GA is an advanced form of age-related macular degeneration (AMD) characterized by progressive retinal pigment epithelium (RPE) and photoreceptor loss, leading to irreversible vision loss.
Until recently, no effective treatments existed, making GA management.
FDA-Approved Treatments:
Pegcetacoplan: First FDA-approved treatment (February 2023) for GA, a complement C3 inhibitor administered via intravitreal injection.
Avacincaptad pegol: A C5 inhibitor, also approved for GA, showing complement inhibition as a key mechanism to slow GA progression.
High-yield: Know that these drugs target the complement pathway, a critical pathway in GA pathogenesis.
Clinical Trial Data:
Pegcetacoplan (DERBY and OAKS trials, phase 3):
Reduced GA growth by 16–22% over 24 months.
Absolute GA area reductions: 0.90 mm² and 0.74 mm² (OAKS); 0.75 mm² and 0.63 mm² (DERBY).
Primary endpoint: Mean change in GA lesion area (anatomical, not functional), a testable point for exams.
Avacincaptad pegol (GATHER 1 and 2):
Reduced GA growth by 27% and 14% over 12 months.
Absolute difference: 0.056 mm² in mean GA growth compared to sham.
Limitations:
Trials did not distinguish between new lesion formation vs. existing lesion expansion, despite potentially different mechanisms.
No significant improvement in predefined visual function endpoints (e.g., visual acuity, microperimetry), though post hoc analyses suggested some functional benefits (hypothesis-generating only).
Mechanistic Insights:
Complement inhibition: Likely more effective for preventing new GA lesions (early-stage) than slowing existing lesion progression.
Genetic risk factors (highly testable):
ARMS2 and HTRA1: Increase risk for both GA incidence and expansion.
CFH: Affects GA incidence only.
C3: Raises GA risk but associated with slower expansion.
Safety Concerns:
Neovascularization: ~12% of pegcetacoplan-treated patients developed neovascular AMD, requiring additional anti-VEGF therapy.
Occlusive retinal vasculitis: Rare (1 per 10,000 injections) but serious; listed as an adverse effect for pegcetacoplan, not yet for avacincaptad pegol.

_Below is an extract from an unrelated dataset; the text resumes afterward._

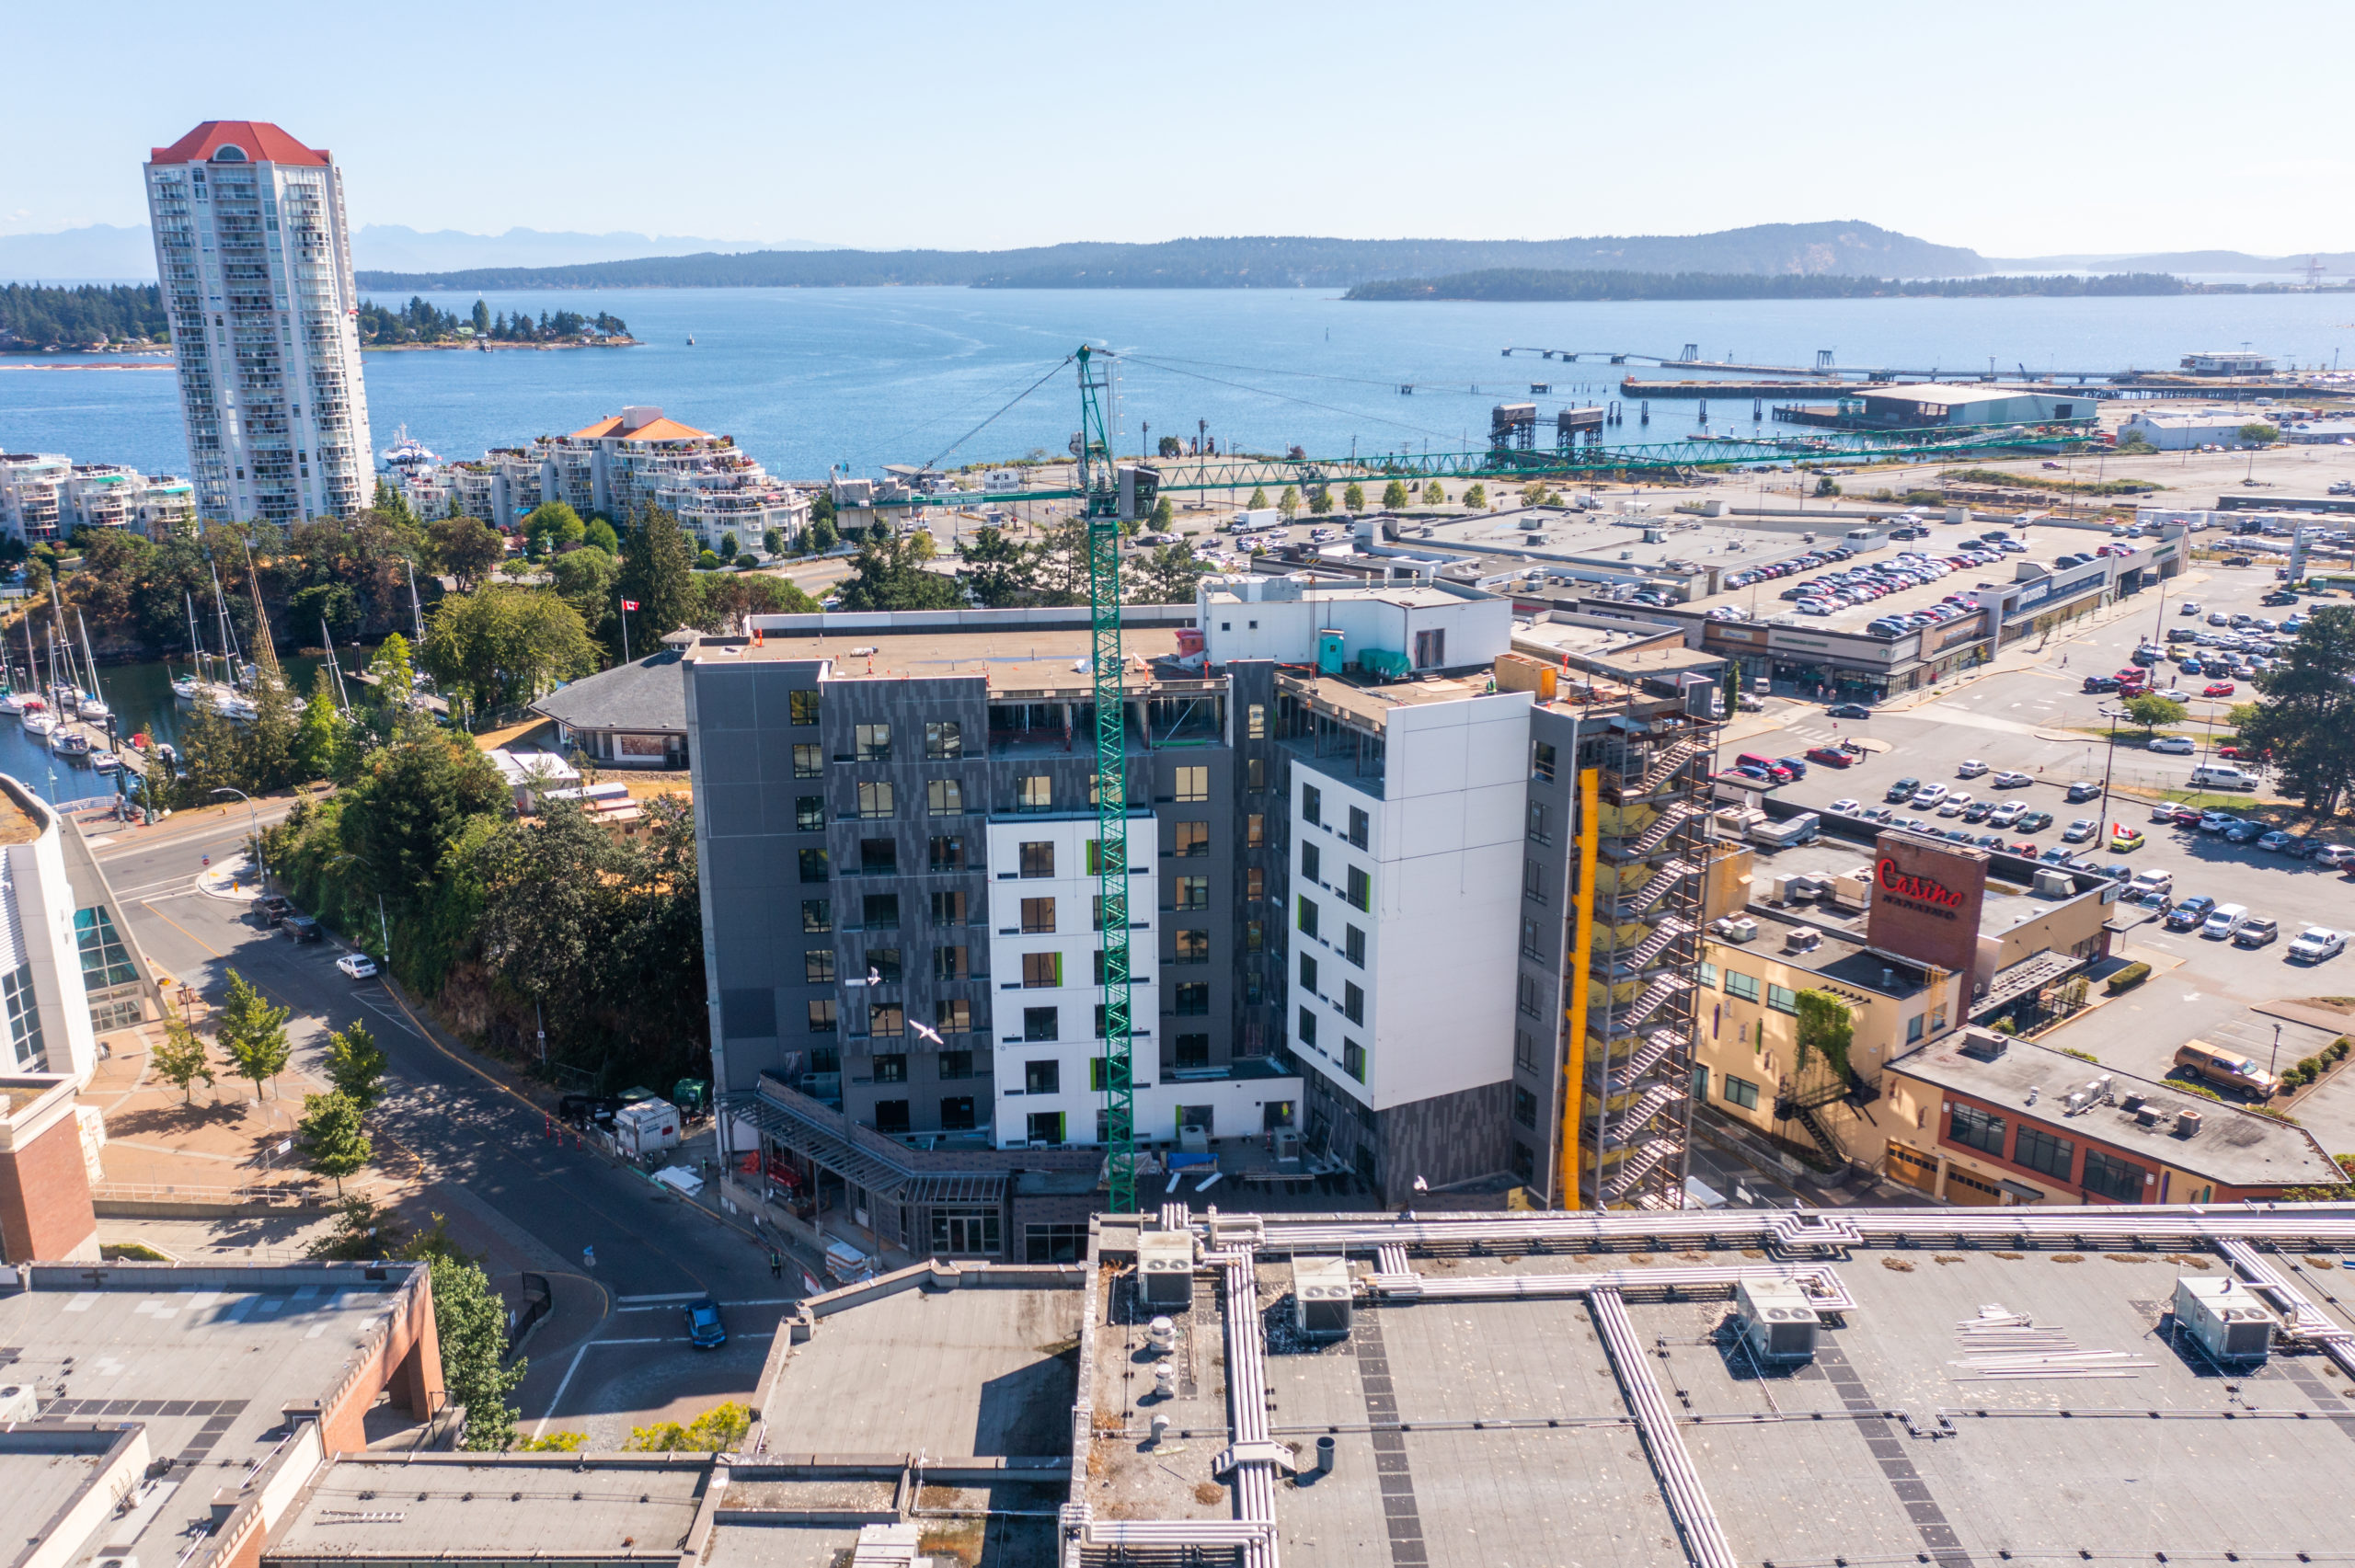 Courtyard Marriott in Nanaimo under construction

Frequent intravitreal injections: Increase risk of complications, a key concern for patient counseling on exams.
Regulatory Controversy:
FDA approval: Criticized for lacking scientific advisory committee input and relying on anatomical endpoints rather than functional outcomes.
EMA rejection (pegcetacoplan, September 2024):
Cited insufficient functional benefits and safety risks from frequent injections.
Microperimetry recognized as the best functional measure for GA but showed no significant benefit in prespecified outcomes.
Avacincaptad pegol: Application withdrawn by Astellas Pharma (October 2024) after EMA discussions, highlighting regulatory skepticism.
High-yield: Understand differences in FDA vs. EMA priorities (FDA prioritizes access, EMA emphasizes patient-centered benefit-risk balance).
Clinical Challenges:
Unlike anti-VEGF therapies (clear functional benefits like fluid reduction), GA treatments lack observable functional improvements, complicating efficacy assessment in practice.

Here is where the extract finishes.